● **Exercise details**:
Pictures stay out; everything else in the listing below is to be restated word for word.

● **Provided data**:

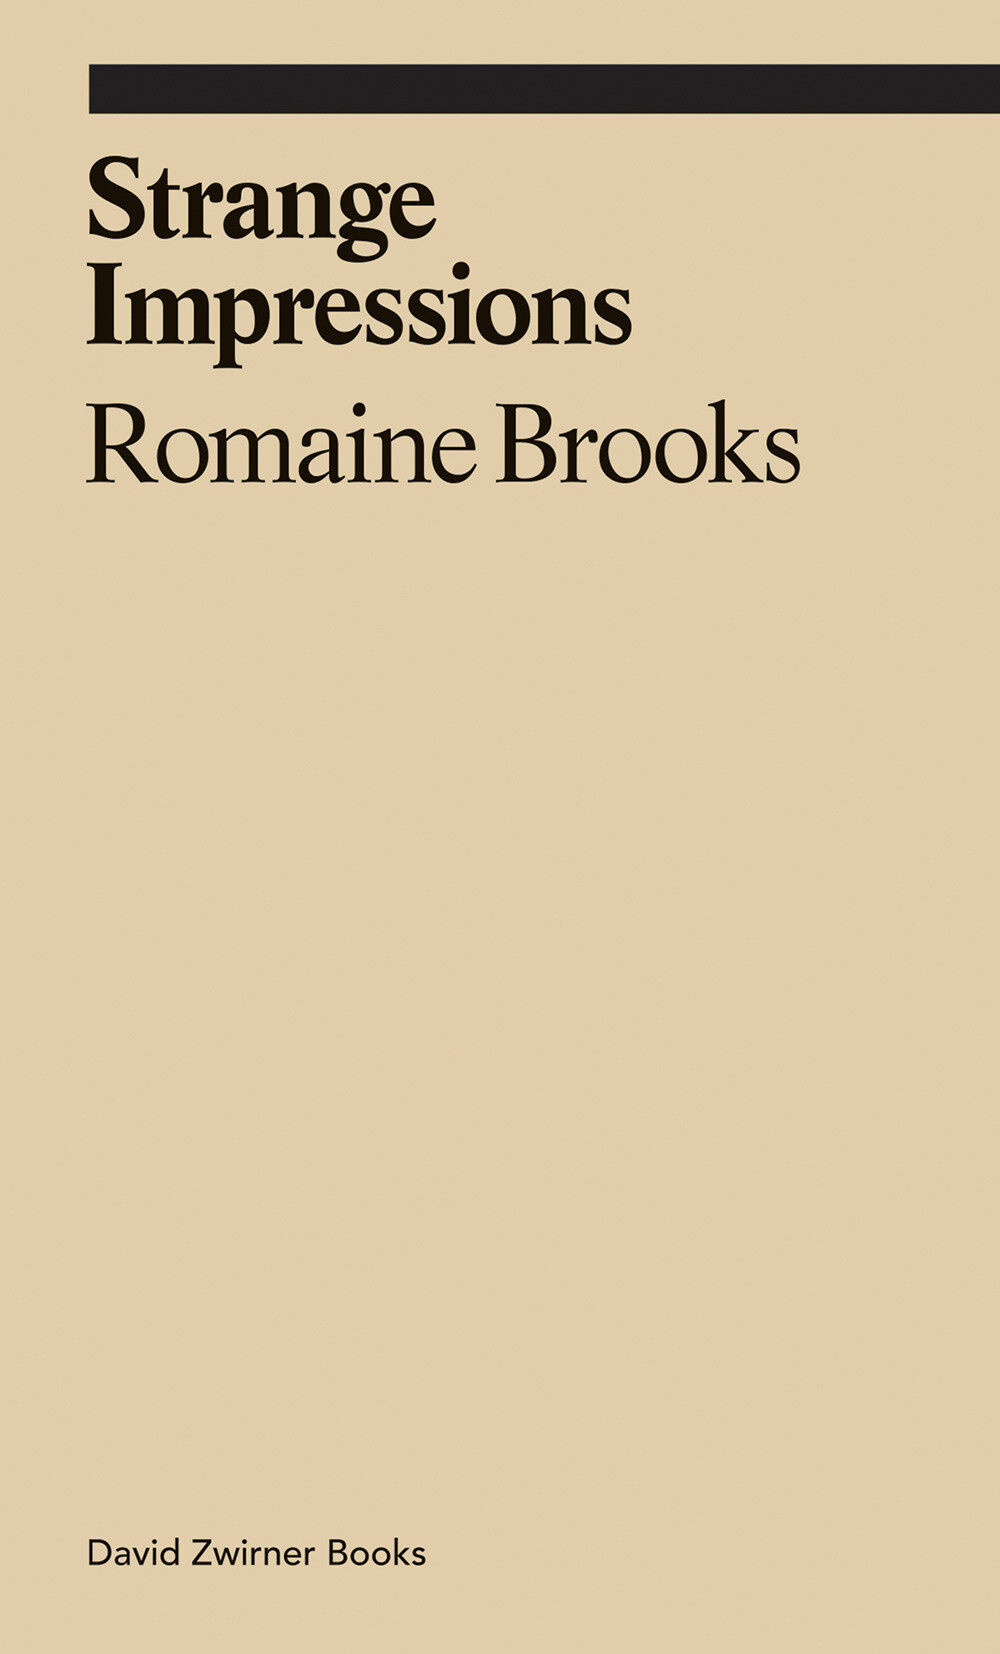 Romaine Brooks
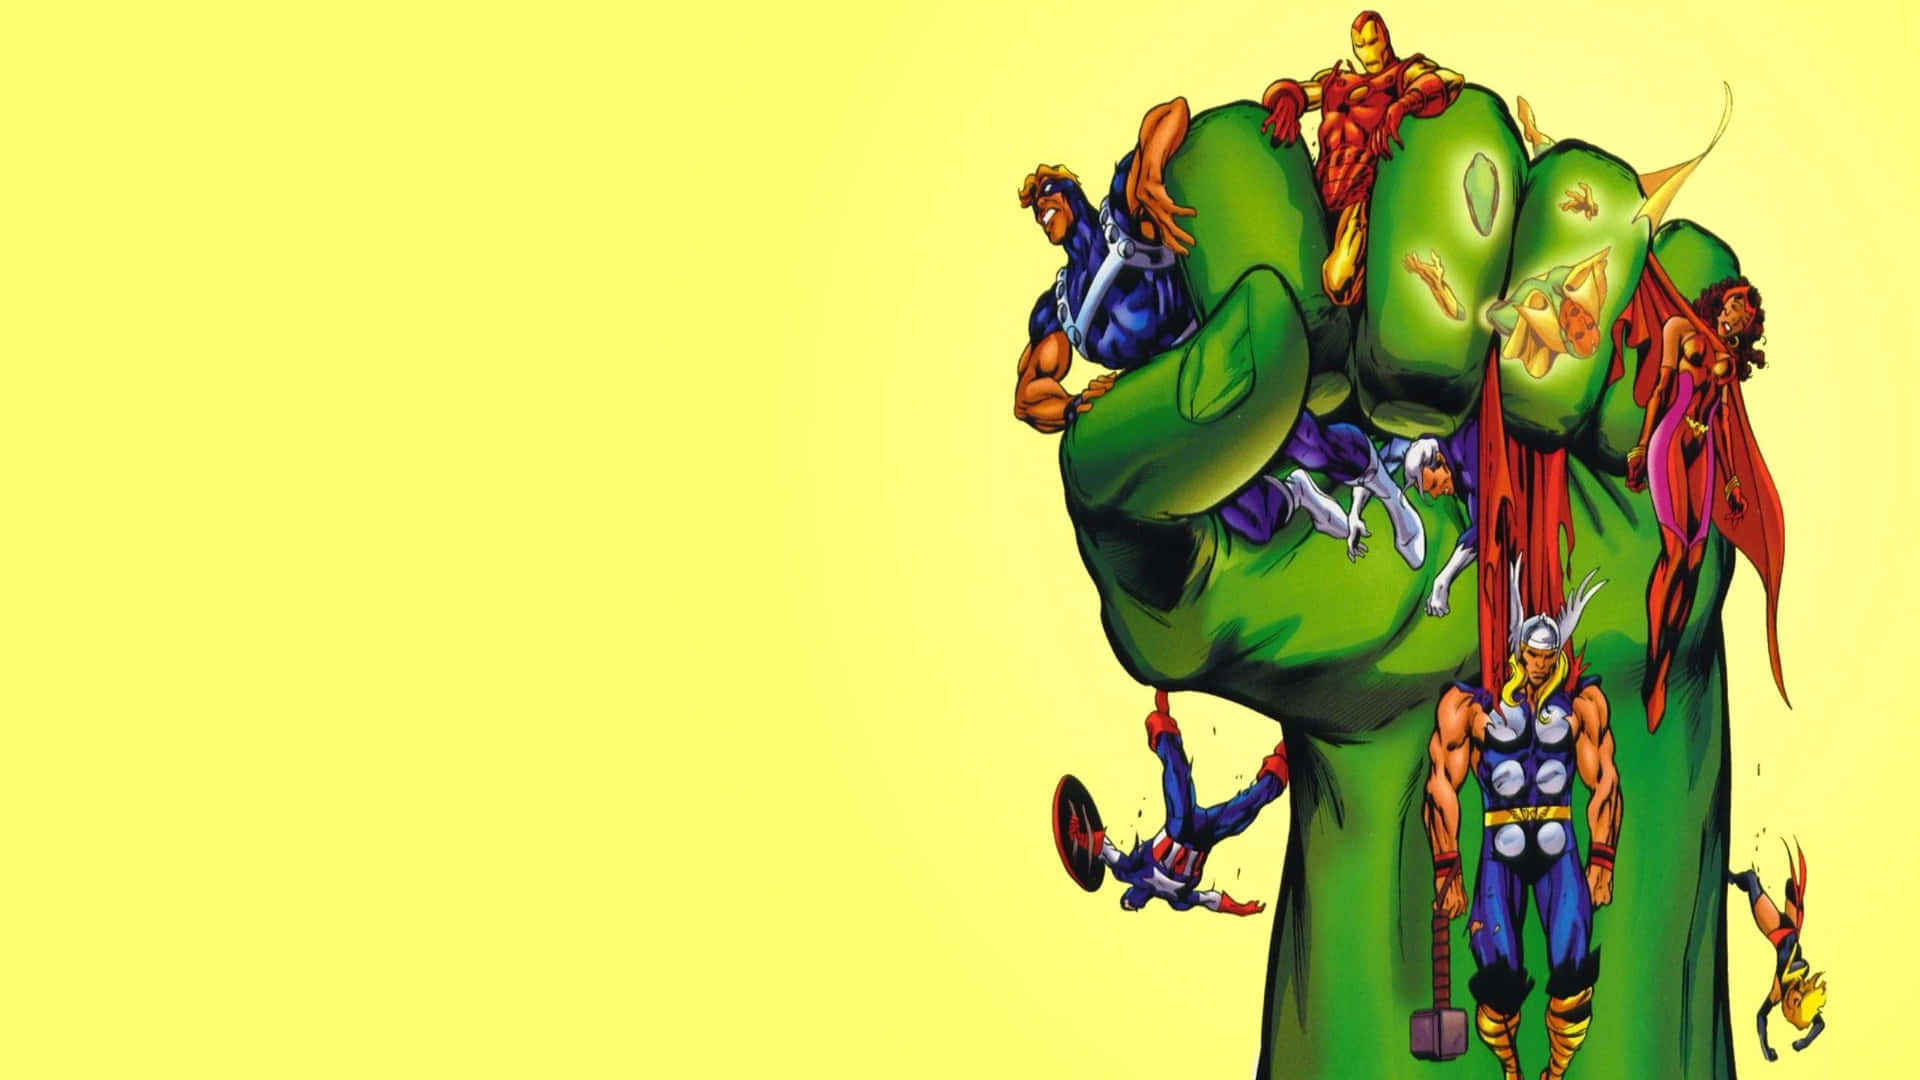 Hulk's Fist Marvel Comics 2560x1440 Wallpaper
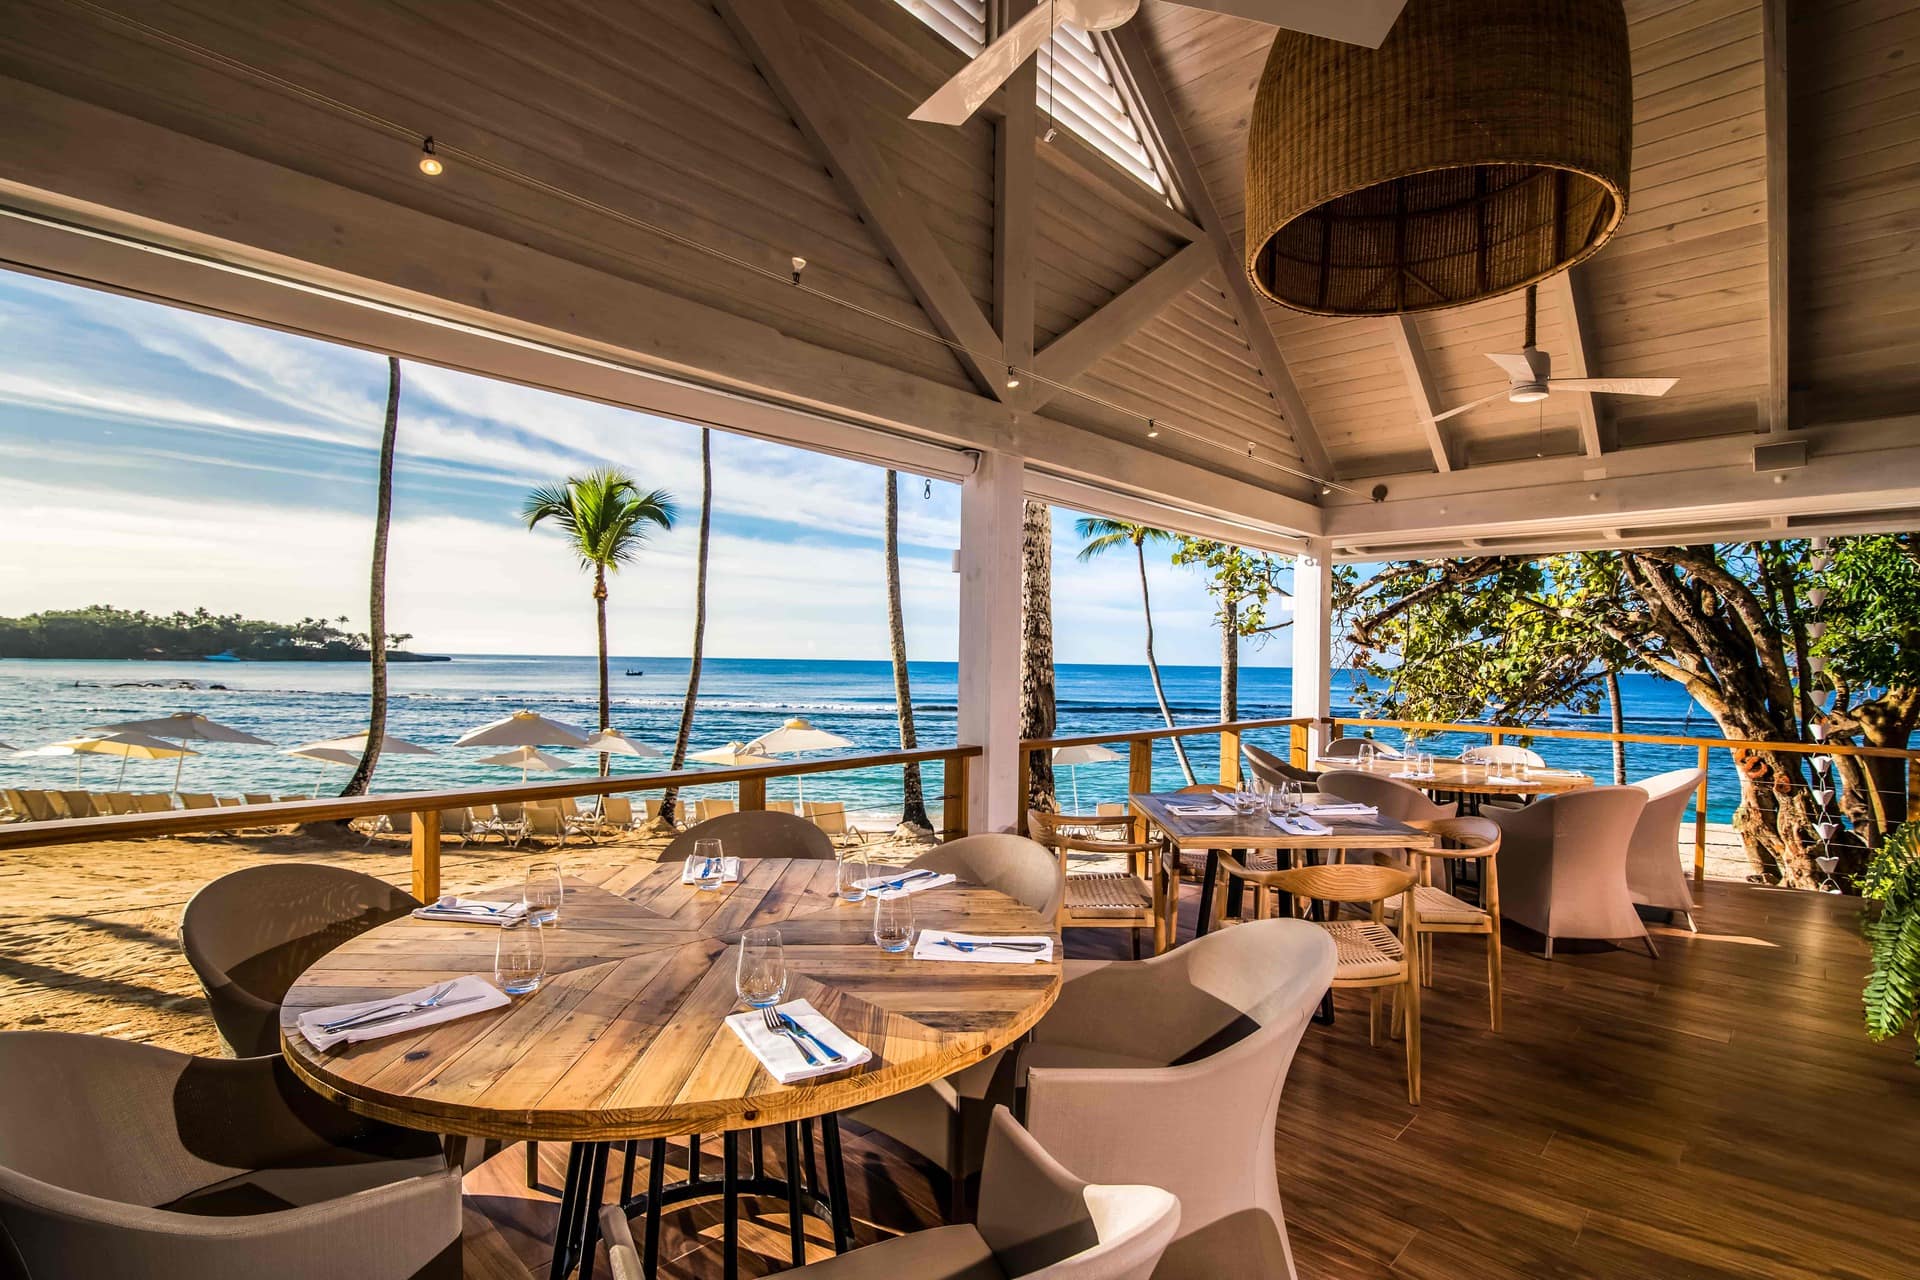 Minitas Beach Club Waterfront Dining at Casa de Campo Resort & Villas in the Dominican Republic

● **Output below**:
 Romaine Brooks
 Hulk's Fist Marvel Comics 2560x1440 Wallpaper
 Minitas Beach Club Waterfront Dining at Casa de Campo Resort & Villas in the Dominican Republic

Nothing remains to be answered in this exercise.